Chiappa, S.(2008). Unsupervised Bayesian Time-series Segmentation based on Linear Gaussian State-space Models (171). Tübingen, Germany: Max Planck Institute for Biological Cybernetics.


Zitierlink: https://hdl.handle.net/11858/00-001M-0000-0013-C90F-C
Zusammenfassung
Unsupervised time-series segmentation in the general scenario in which the number of segment-types
and segment boundaries are a priori unknown is a fundamental problem in many applications and requires an accurate segmentation model as well as a way of determining an appropriate number of segment-types.
In most approaches, segmentation and determination of number of segment-types are addressed
in two separate steps, since the segmentation model assumes a predefined number of segment-types.

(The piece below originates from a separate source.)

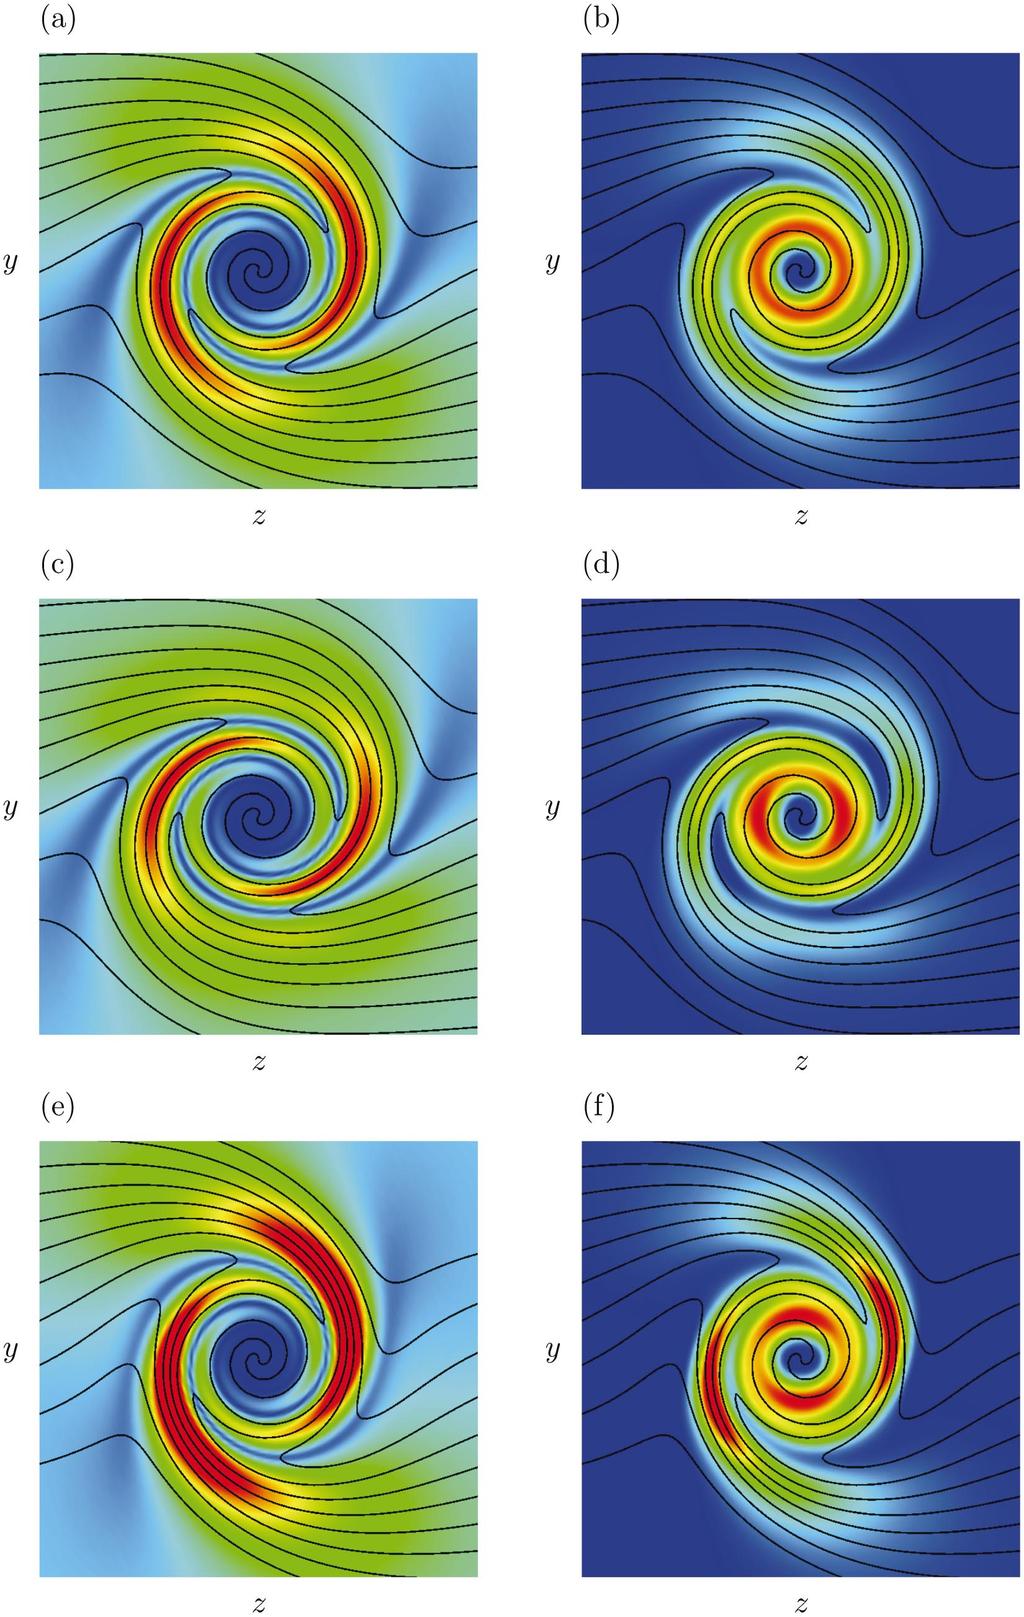 055111-5 Energy dissipation in spiral vortex layers Phys. Fluids 17, 055111 005 FIG. 1. Color.

The determination of number of segment-types is thus achieved by training and comparing several separate models. In this paper, we take a Bayesian approach to a segmentation model based on linear Gaussian state-space models to achieve structure selection within the model. An appropriate prior distribution on the parameters is used to enforce a sparse parametrization, such that the model automatically selects the smallest number of underlying dynamical systems that explain the data well and a parsimonious structure for each dynamical system. As the resulting model is computationally intractable, we introduce a variational approximation, in which a reformulation of the problem enables to use an efficient inference algorithm.